▶ [Recorded data]:
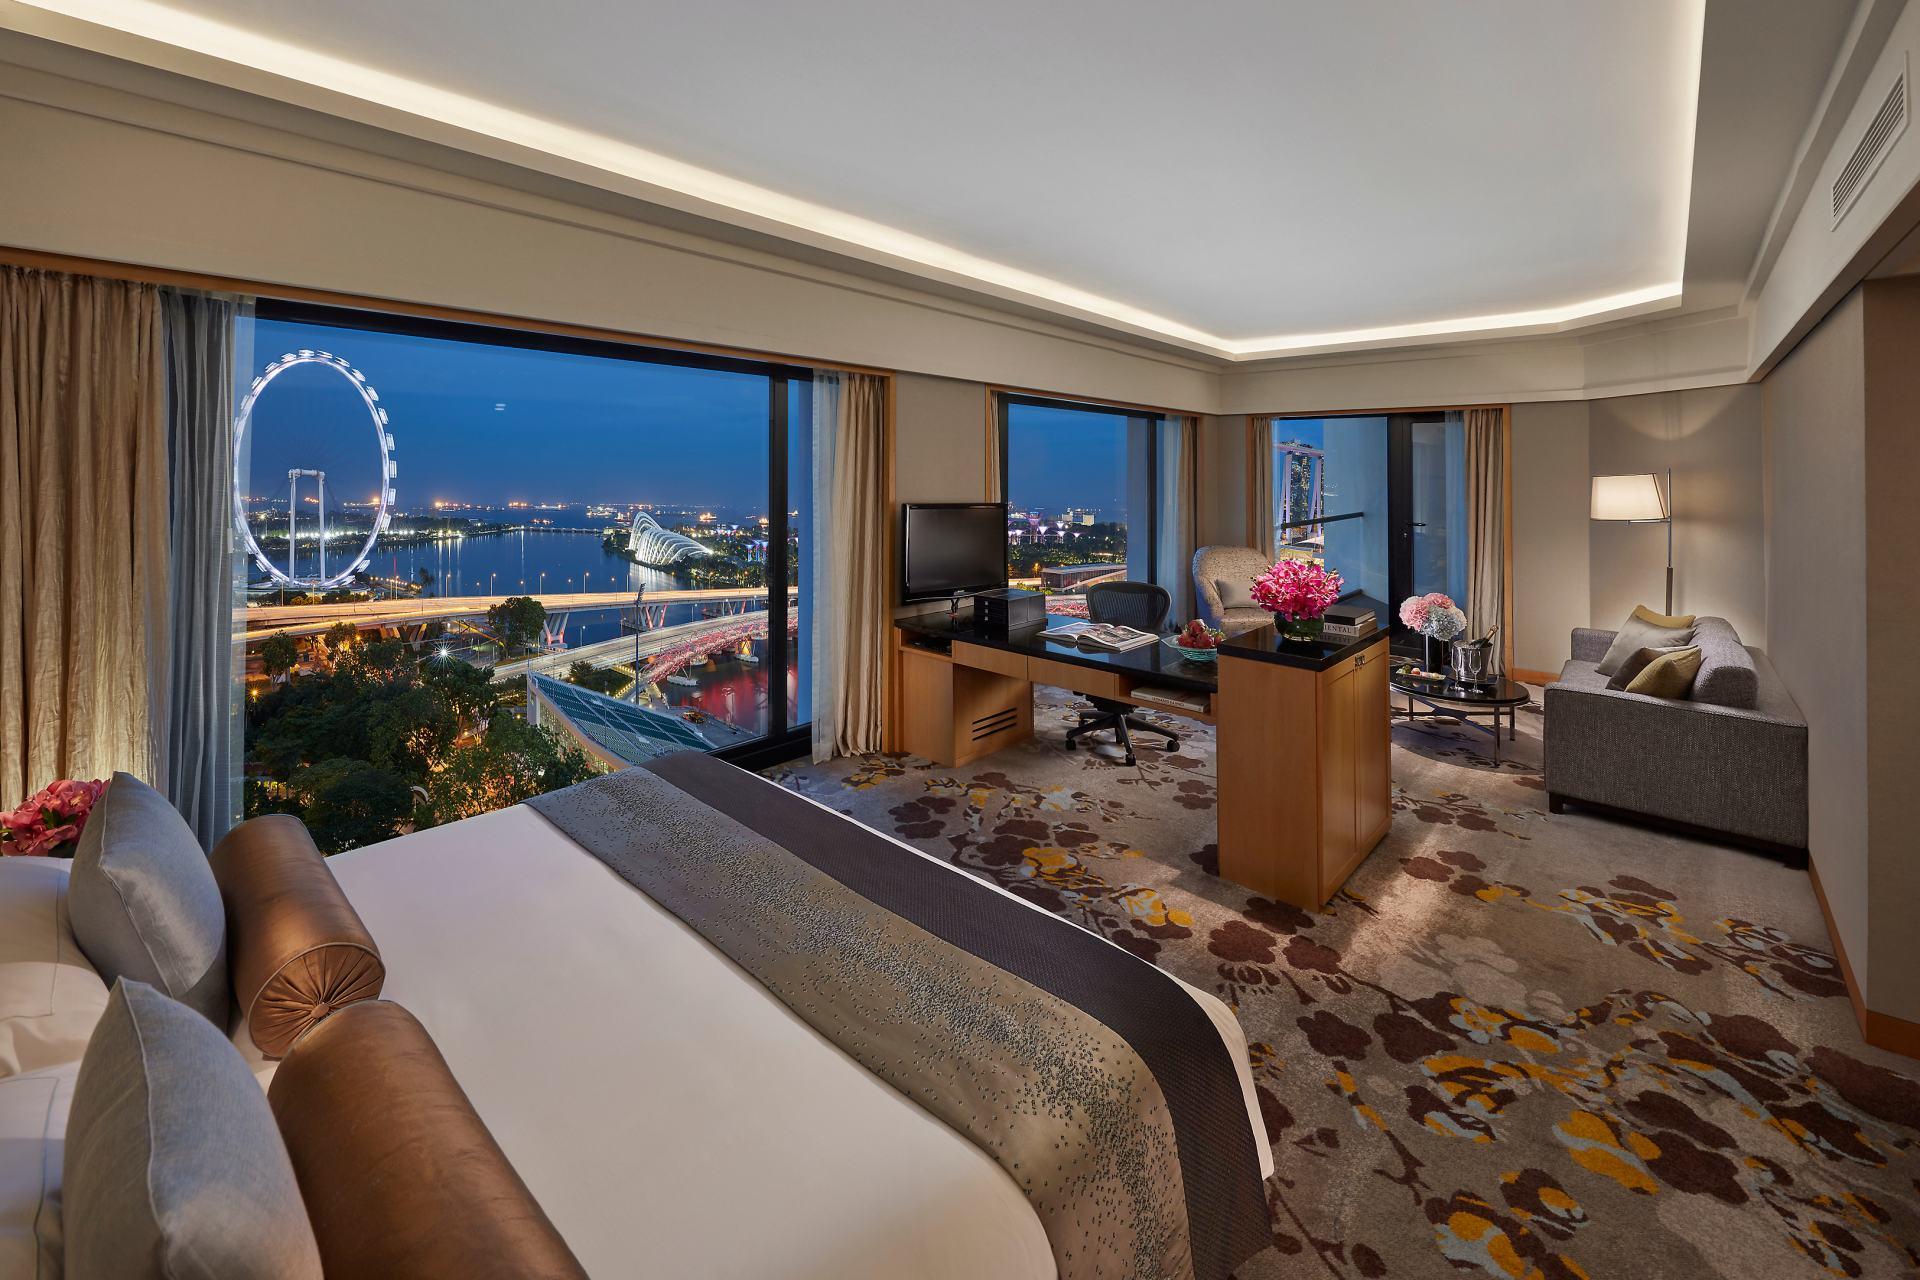 singapore-2017-room-ocean-grand.jpg
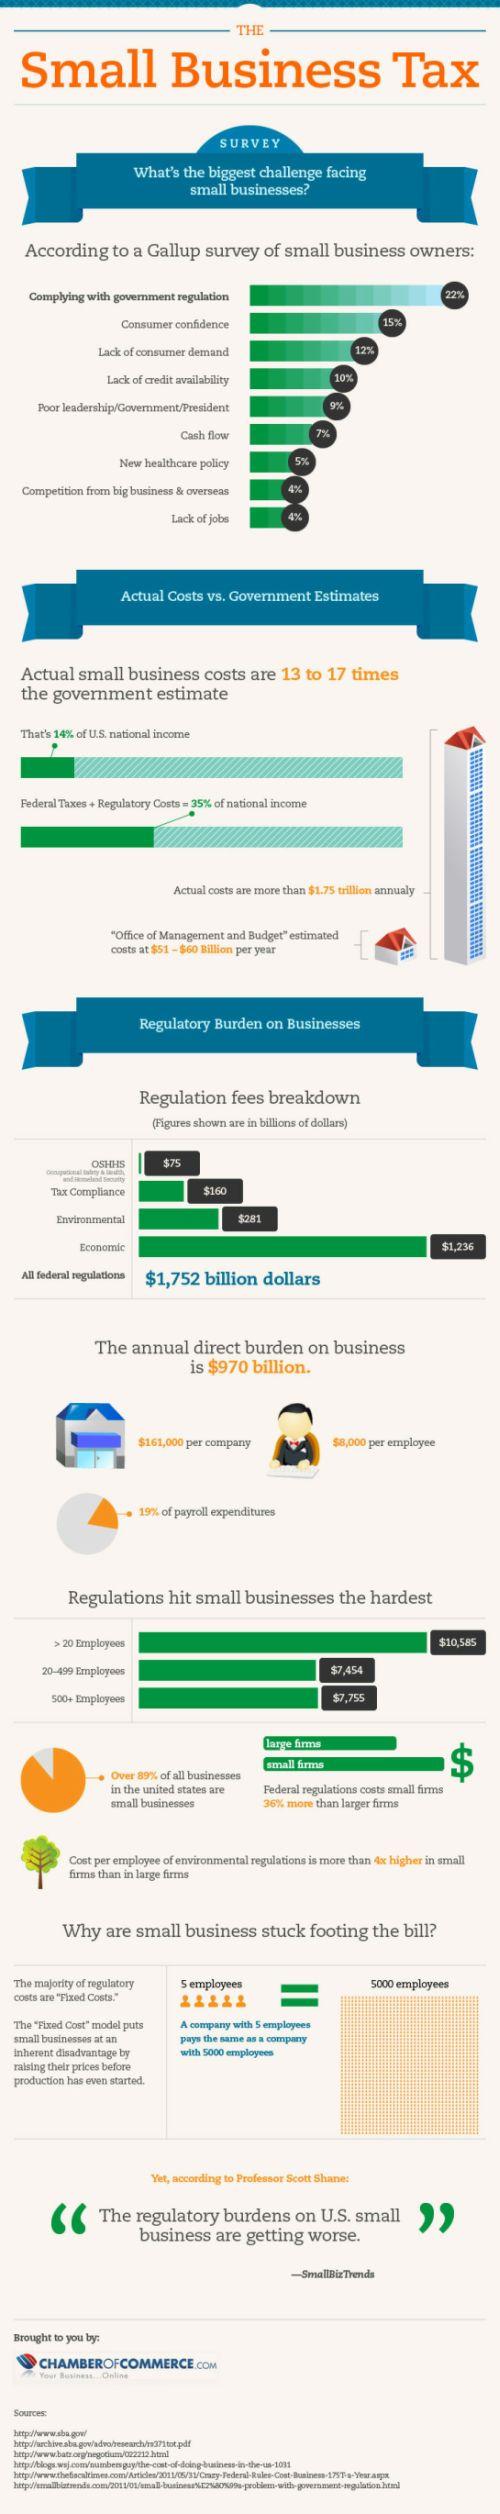 Small business regulatory burden infographic
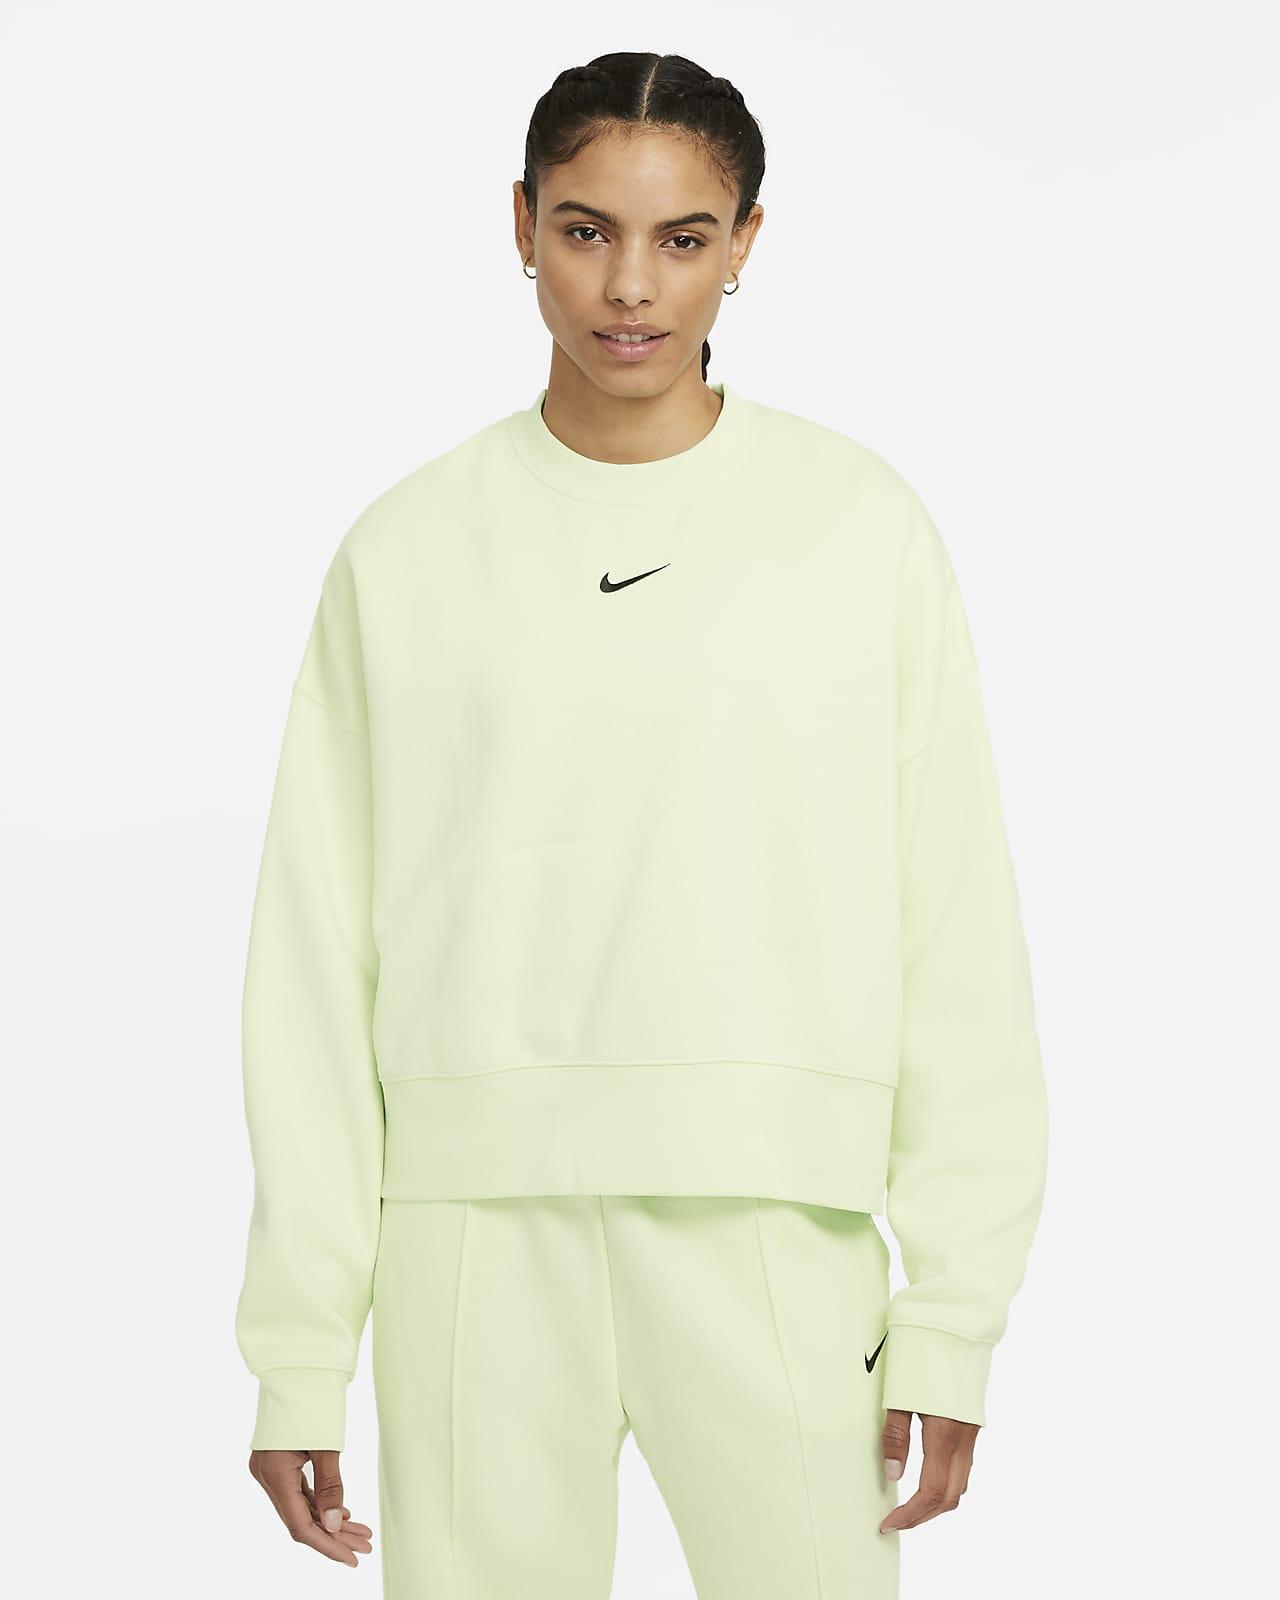 Nike Sportswear Collection Essentials Women's Oversized Fleece Crew

▶ [Required work]: Output all data exactly, omitting images.

▶ [Task output]:
 singapore-2017-room-ocean-grand.jpg
 Small business regulatory burden infographic
 Nike Sportswear Collection Essentials Women's Oversized Fleece Crew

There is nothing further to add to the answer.